Monday, June 30, 2014

Math Anxiety and Common Core

One of the central points of the Common Core educational reform is to teach fewer topics but teach them more thoroughly, so that students really understand them. The national Common Core standards are vague to the point that I can hardly fathom what they are about, but it seems that when it comes to math, New York state is interpreting Common Core math according to the tradition of the earlier reform movement known as New Math:
Ms. Nelams said she did not recognize the approaches her children, ages 7 to 10, were being asked to use on math work sheets. They were frustrated by the pictures, dots and sheer number of steps needed to solve some problems. Her husband, who is a pipe designer for petroleum products at an engineering firm, once had to watch a YouTube video before he could help their fifth-grade son with his division homework.

“They say this is rigorous because it teaches them higher thinking,” Ms. Nelams said. “But it just looks tedious.”
Math reformers have been saying for decades that students hate math because it is taught as the rote memorization of the multiplication table, without any understanding of the concepts behind the numbers. And they still are:
The guidelines are based on research that shows that students taught conceptually retain the math they learn. And many longtime math teachers, including those in organizations like the National Council of Teachers of Mathematics and the National Council of Supervisors of Mathematics, have championed the standards.

“I taught math very much like the Common Core for many years,” said Linda M. Gojak, president of the National Council of Teachers of Math. “When parents would question it, my response was ‘Just hang in there with me,’ and at the end of the year they would come and say this was the best year their kids had in math.”
Yeah, right. Loath as I am to agree with anyone who works for the American Enterprise Institute, I think this guy has it right:
“It is incredibly easy for these new instructional approaches to look good on paper or to work well in pilot classrooms in the hands of highly skilled experts,” said Frederick M. Hess, the director of education policy studies for the American Enterprise Institute, “and then to turn into mushy, lazy confusing goop as it spreads out to classrooms and textbooks.”
It can't be said enough that curricula and textbooks and standards and what-all are trivial in importance compared to the one really important thing in education, the interaction between teacher and student. And if the teachers are not comfortable with the material they are teaching and perhaps don't fully understand it themselves, the quality of that interaction will be damaged. Nor is it a small thing to exclude parents from the equation; how many children will see that their parents don't understand this stuff and decide that they don't have to, either? I don't doubt that Linda Gojak can be successful teaching conceptual math, but does that mean everyone should try?

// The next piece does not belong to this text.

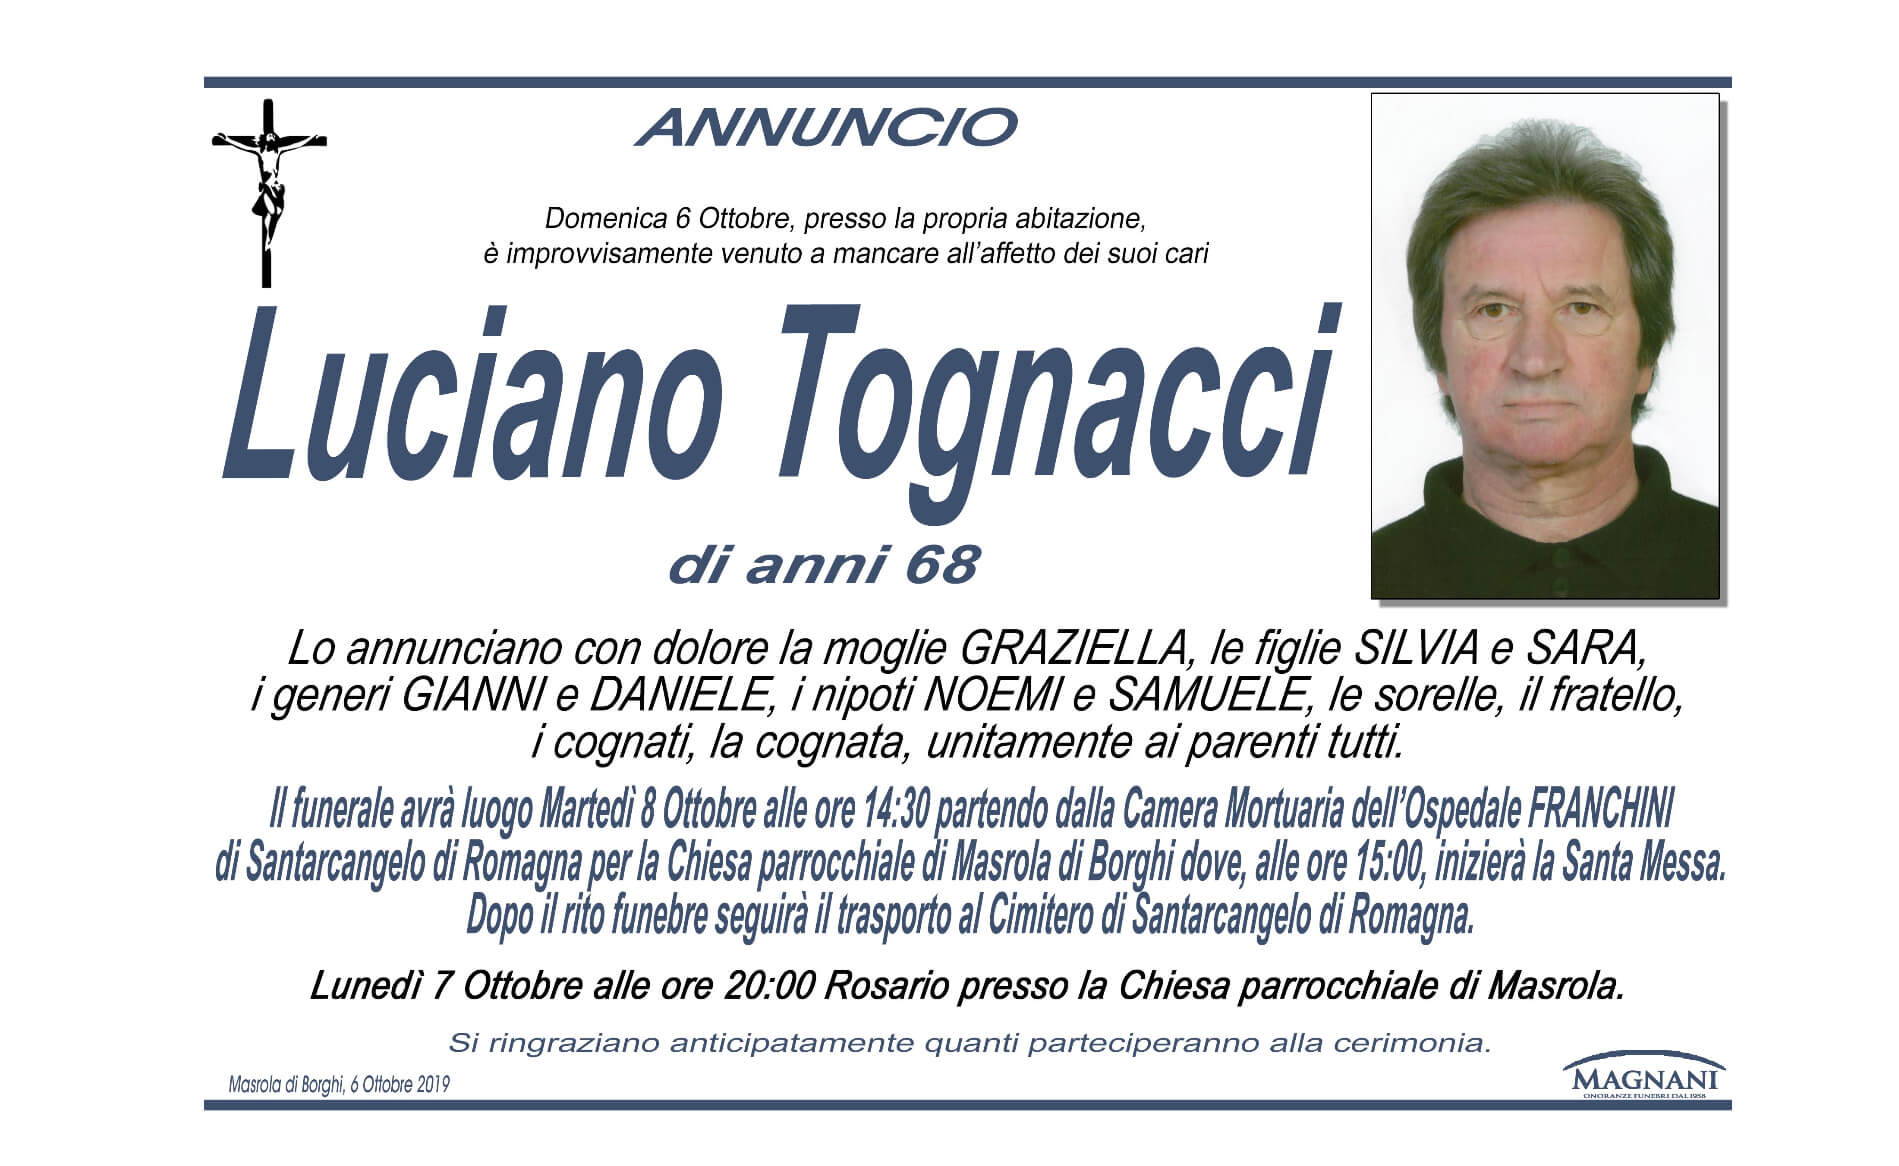 Luciano Tognacci

Did these people learn nothing from the failure of New Math? Well, maybe they learned one thing, since I don't see any set theory or Venn diagrams in the new stuff. But speaking as someone who loves math and occasionally used fairly sophisticated statistics, I just don't see any reason why most people should know anything about the conceptual underpinnings of math. Even if it is true that students taught this way test better, is that worth spreading the notion that math education is about learning complex ways to do simple stuff, and that what the government does with tax dollars is spend billions trying to make people understand mathematical arcana instead of just memorizing the multiplication table?

I predict that this movement will flame out as spectacularly as New Math did. I hope it doesn't drag the rest of Common Core down with it.